Records shown:
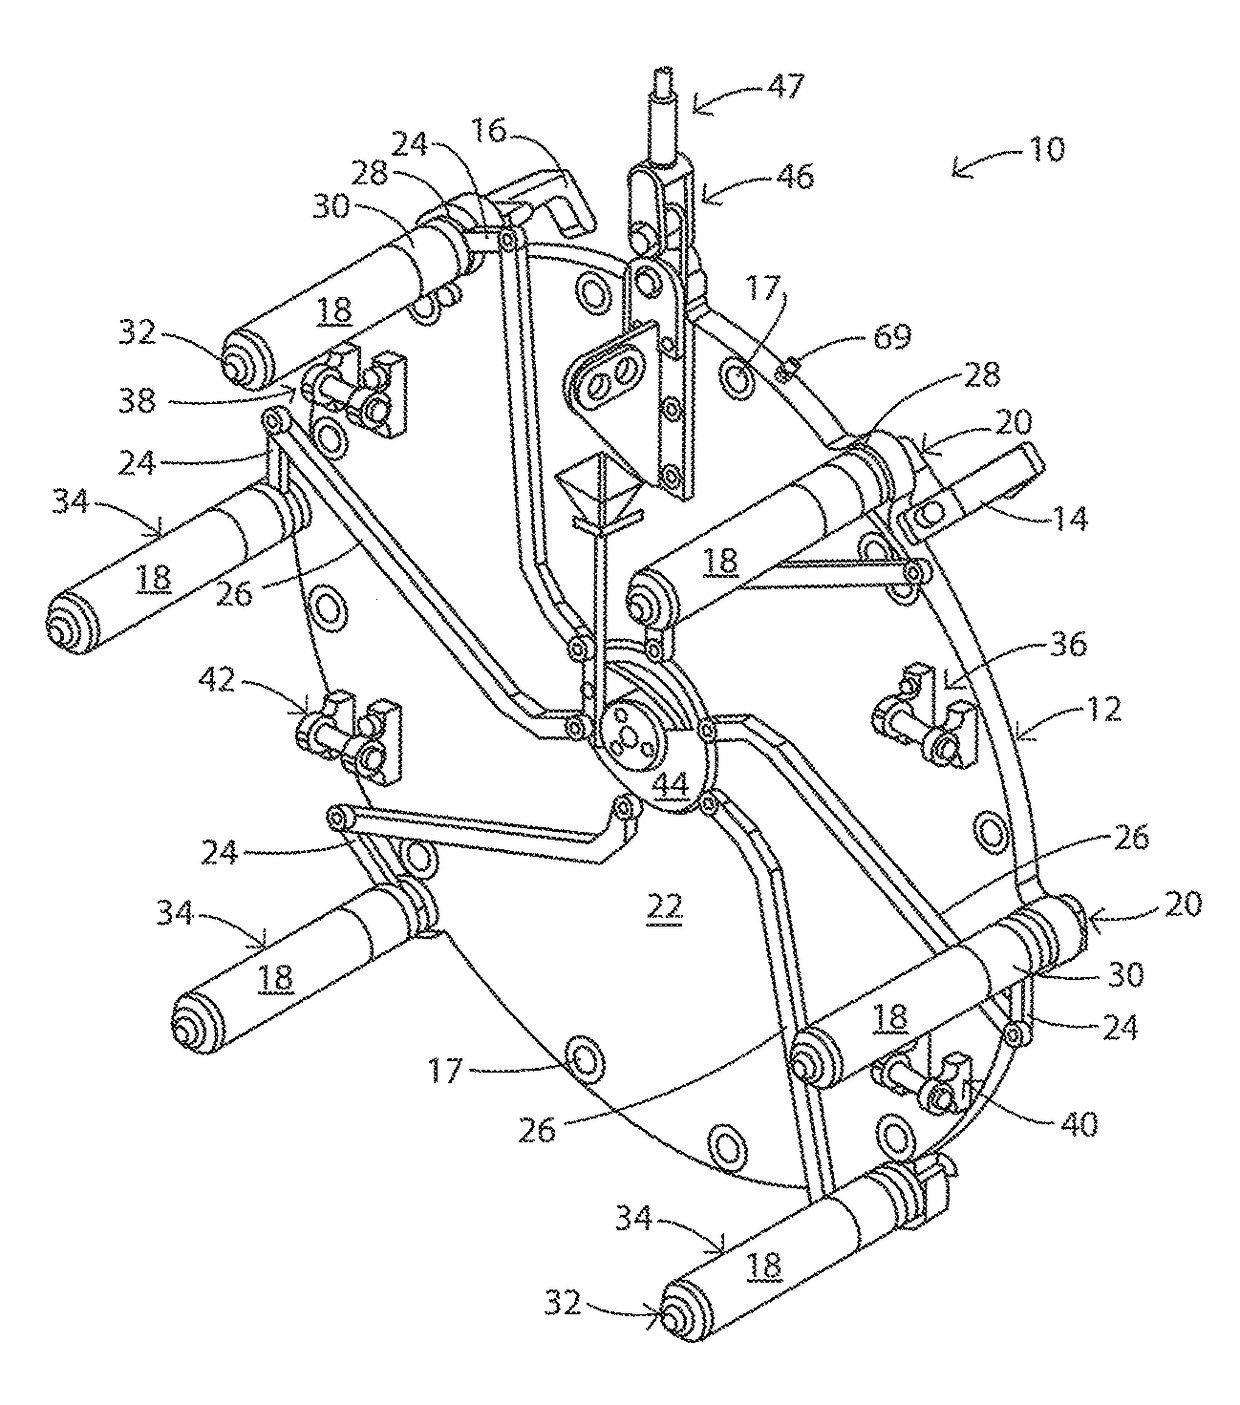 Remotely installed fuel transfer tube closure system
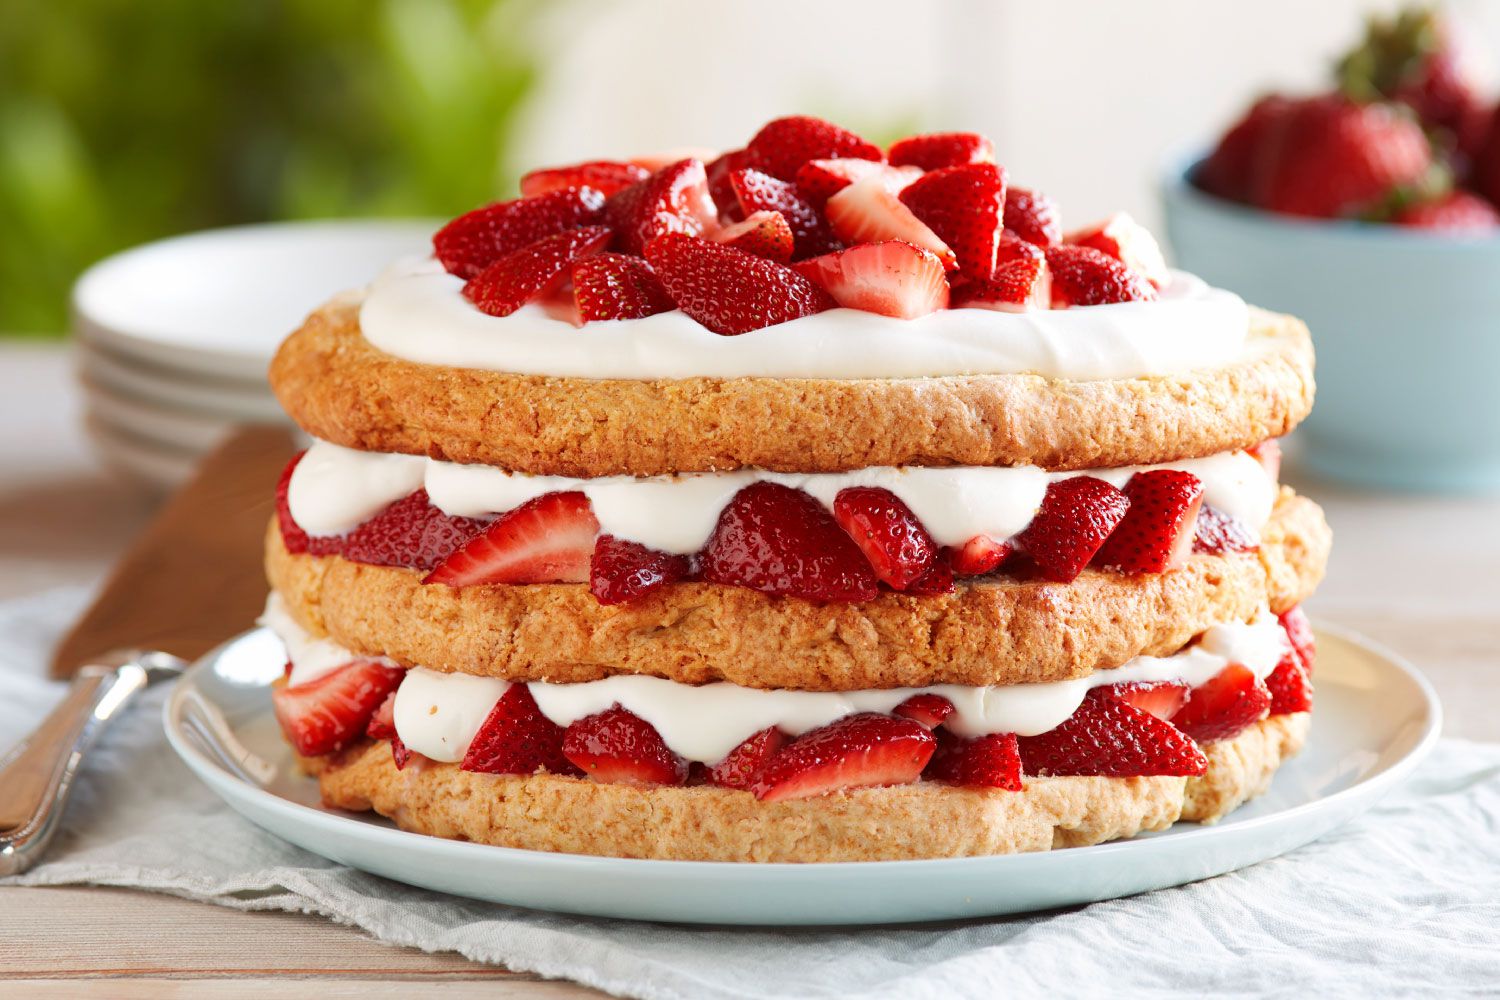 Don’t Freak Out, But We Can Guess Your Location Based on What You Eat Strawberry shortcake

---

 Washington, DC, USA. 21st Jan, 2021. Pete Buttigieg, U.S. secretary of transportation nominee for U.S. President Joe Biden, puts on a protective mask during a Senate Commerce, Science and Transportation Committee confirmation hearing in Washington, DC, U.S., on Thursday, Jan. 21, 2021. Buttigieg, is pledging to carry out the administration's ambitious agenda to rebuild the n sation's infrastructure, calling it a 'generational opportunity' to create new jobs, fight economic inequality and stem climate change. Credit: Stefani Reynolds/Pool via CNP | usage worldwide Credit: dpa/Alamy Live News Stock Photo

Work request:
The material above holds pictures; leave them out. Repeat exactly the lines from the one containing "Remotely installed fuel" through the one containing "Don’t Freak Out, But", and nothing else.

Response area:
 Remotely installed fuel transfer tube closure system
 Don’t Freak Out, But We Can Guess Your Location Based on What You Eat Strawberry shortcake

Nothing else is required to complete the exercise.